Before anything goes near production, we build an evaluation suite and put that in the hands of the business operators from the beginning, not just after deployment. Two main reasons for this.

Building a golden dataset with the domain expert: We sit with someone who does the work today and define what a good answer looks like for 20 to 50 real cases. That set becomes the benchmark. We re-run it every time we change a prompt, a tool, or a model, and we monitor the calls in production with an observability tool to catch drift.

Grading the process, not just the output: People don't solve problems in one step, so an agent that arrives at the right answer through the wrong reasoning will eventually fail in ways that are hard to debug. We map the intermediate steps a competent human would take and grade the agent on whether it hits the same checkpoints.

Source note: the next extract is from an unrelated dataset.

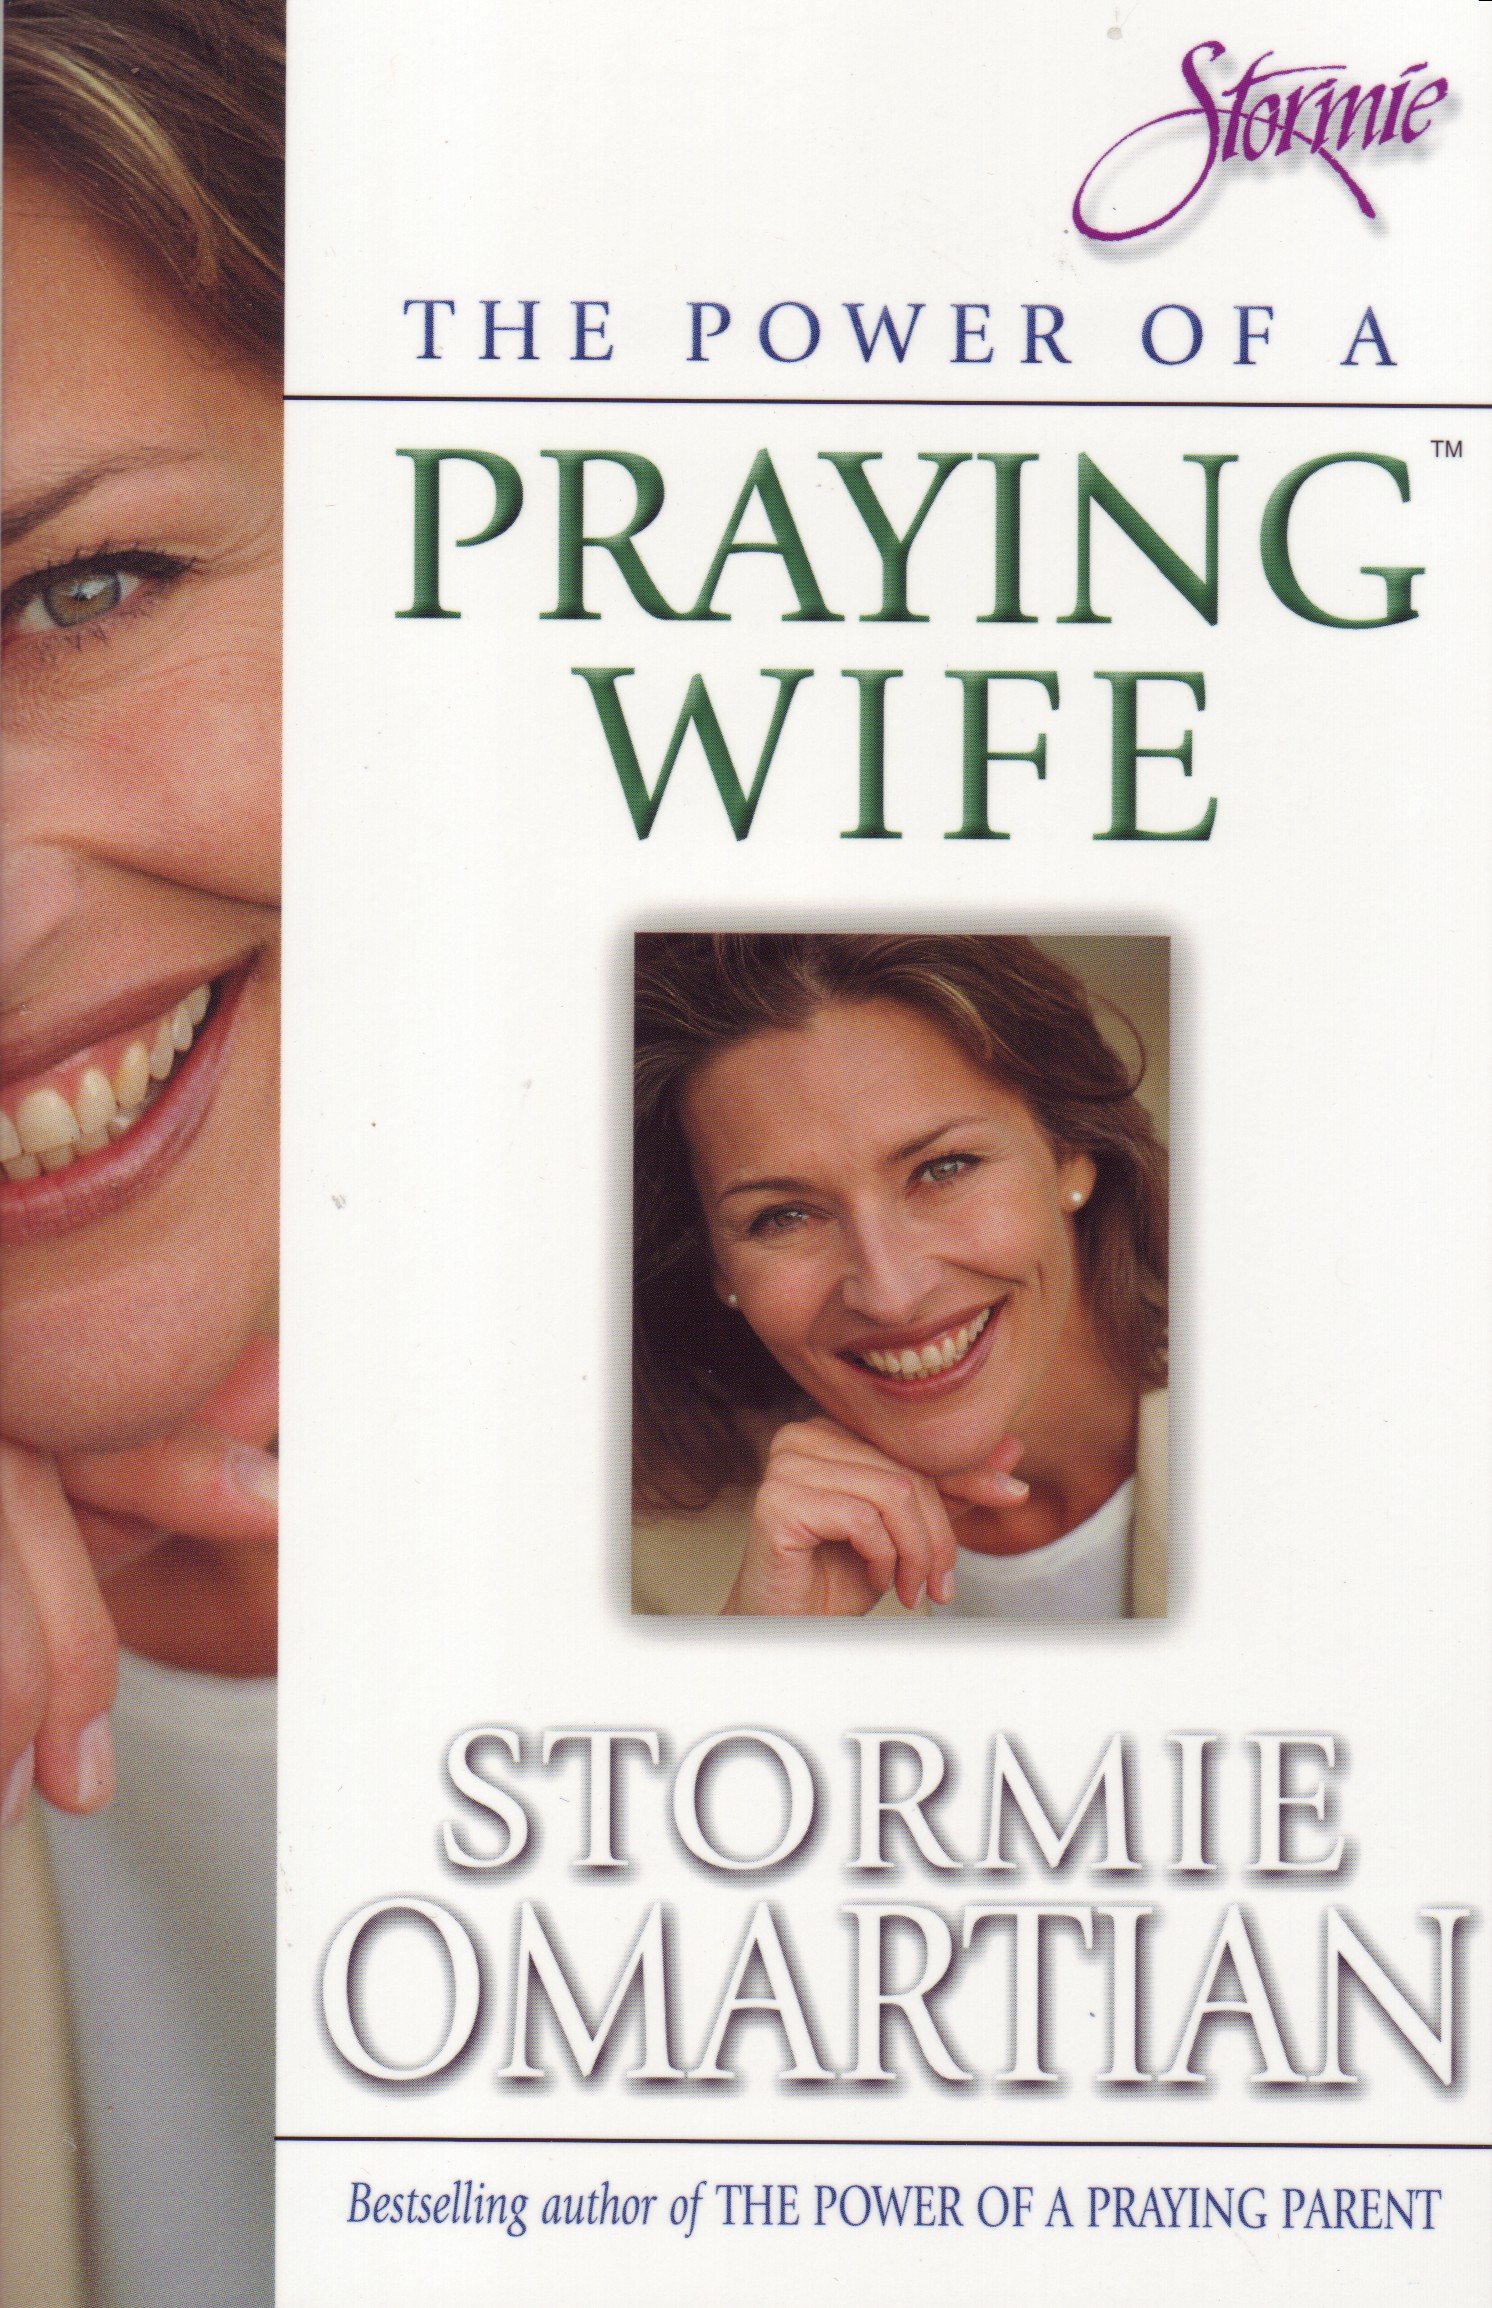 THE POWER OF A PRAYING WIFE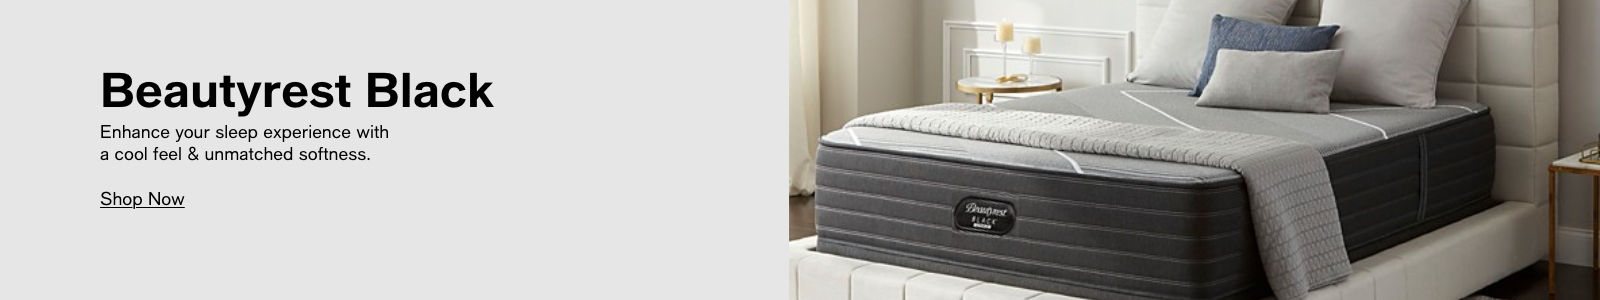 Beautyrest Back, Enhance your sleep experience with a cool feel and unmatched softness

The eval suite ends up serving two purposes. Internally, it tells us whether changes are improvements or regressions and gives us clear action points on how we can better steer the agent's behaviour. Externally, it gives the client's leadership something concrete to look at when deciding whether to expand the rollout and it concretely measures the impact achieved across the build, for example by observing metrics such as error rates, throughput time, and savings.

Phase 3: Deployment

Every company has their own software stack, legacy systems, and data assets. We embrace that variety and build solutions around it, rather than trying to force on new tooling that doesn't fit the as-is way of working. Two principles generally shape how we put things into production.

Avoid data migrations, minimize new tooling: Most of our enterprise clients have spent years getting onto their current ERP or cloud provider. Where we can, we build as minimal as possible from scratch and maximally work with existing solutions in the client's software stack. For a recent project for an audit firm, we maximally leveraged the existing Azure suite: Azure Service Bus as the task manager between the backend API and the AI engine, Azure Foundry for the build of the AI engine, Blob Storage for handling documents, and so on. The existing stack stays in place, with minimal new outside tooling and overhead added. This also helps significantly with compliance, cybersecurity, and change management.

Start with a small unit of autonomy, only then expand upon success: Initial versions typically observe and recommend rather than act, with a human in the loop for verification. An agent will detect, analyze, and prepare certain actions, with a human still pressing the button. Once that's been stable long enough and we've used the operator's input to improve the agent and build confidence, we extend the agent's permissions to make it more autonomous, especially for cases where confidence is extremely high. Each expansion gets the same evaluation and observability treatment as the original deployment. This approach allows for good change management, helping operators adopt the tooling faster and staying in control of the process. It also helps to avoid critical errors that make everyone lose their trust in the newly adopted AI solution.

Wrapping things up

Once the system is in production, we run it alongside the client's team until they're comfortable owning it. That usually means a handover period with documentation, a re-runnable eval suite, observability dashboards, and a clear set of metrics to track.

The work isn't finished when the agent ships. It's finished when the client's team can run it, learn from it, and improve it without us. Ultimately, building the solution is not the hardest part. Making sure it gets adopted and gradually improves while being used in production through continuous evals and business input, is where the real value accrues.